- [What the task asks] Somewhere below is a line with "libros online para" and, later, a line with "Vo抜き_映画のテーマ曲のような激しいロの再生済みの波形"; repeat those two lines and all the lines between them, exactly as they are.

- [Exercise materials]
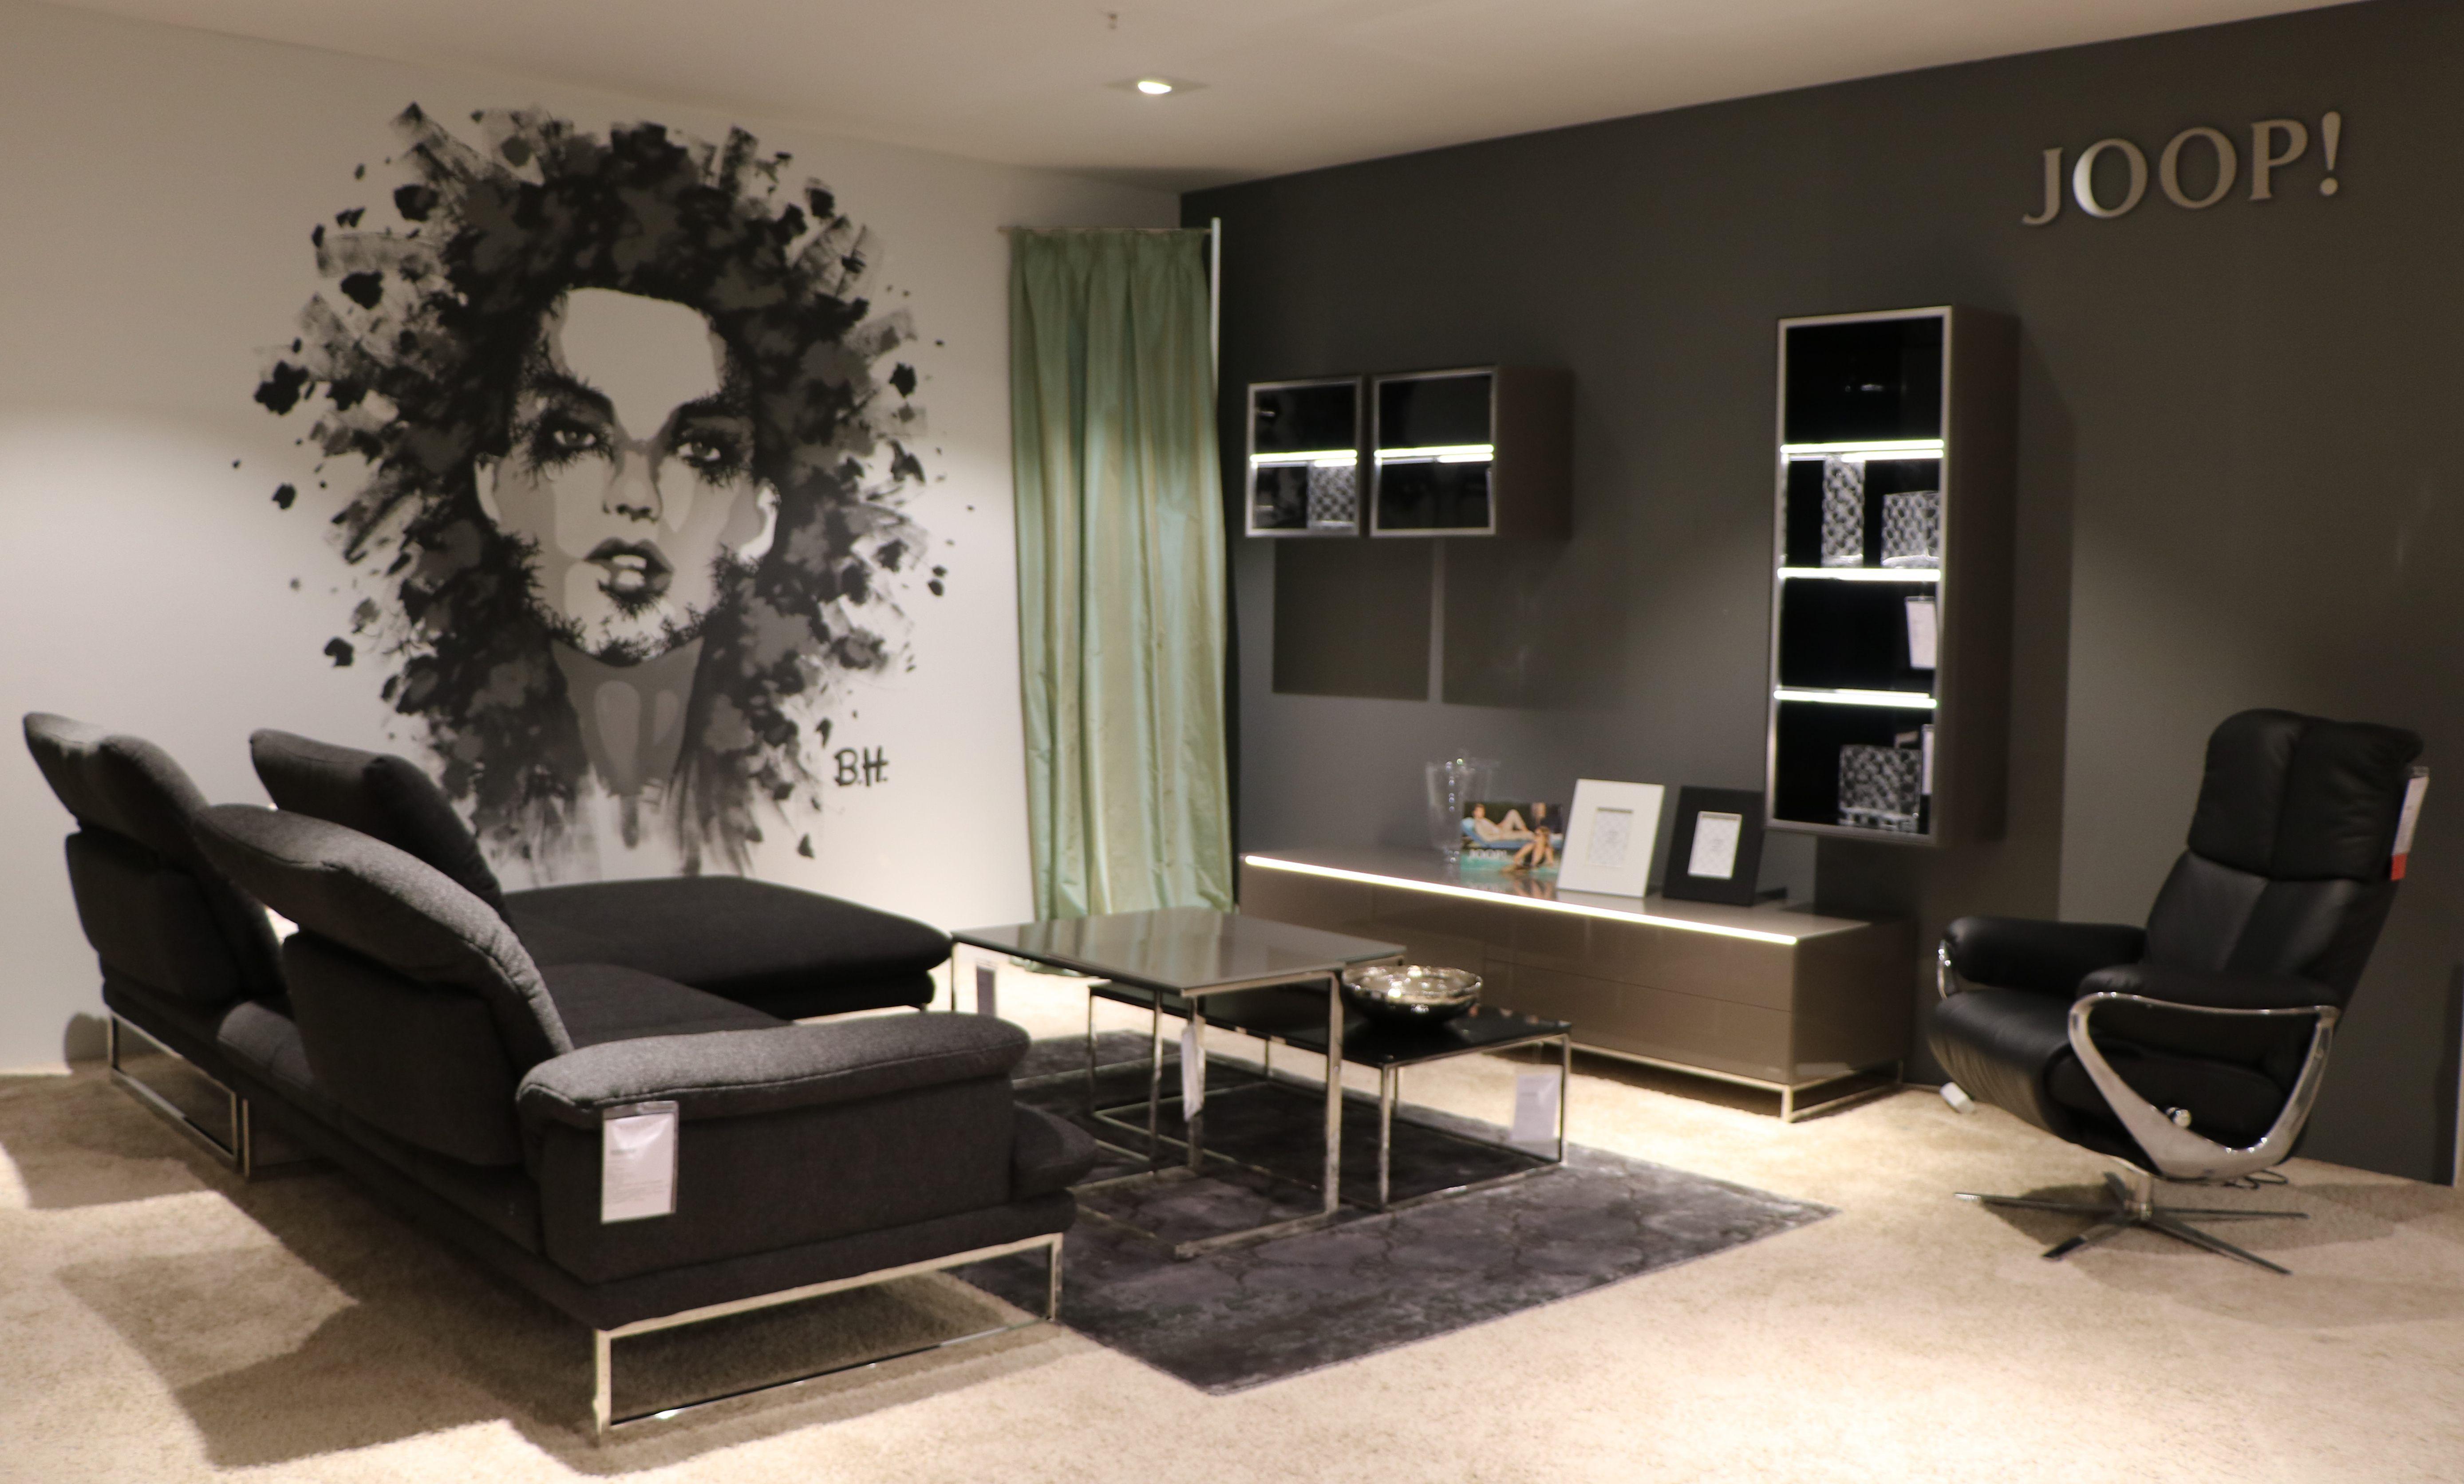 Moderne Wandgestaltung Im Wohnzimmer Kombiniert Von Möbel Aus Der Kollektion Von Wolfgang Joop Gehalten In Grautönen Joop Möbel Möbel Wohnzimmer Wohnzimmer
...
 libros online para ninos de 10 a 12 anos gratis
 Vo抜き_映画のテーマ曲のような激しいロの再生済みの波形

- [Exercise solution]
 libros online para ninos de 10 a 12 anos gratis
 Vo抜き_映画のテーマ曲のような激しいロの再生済みの波形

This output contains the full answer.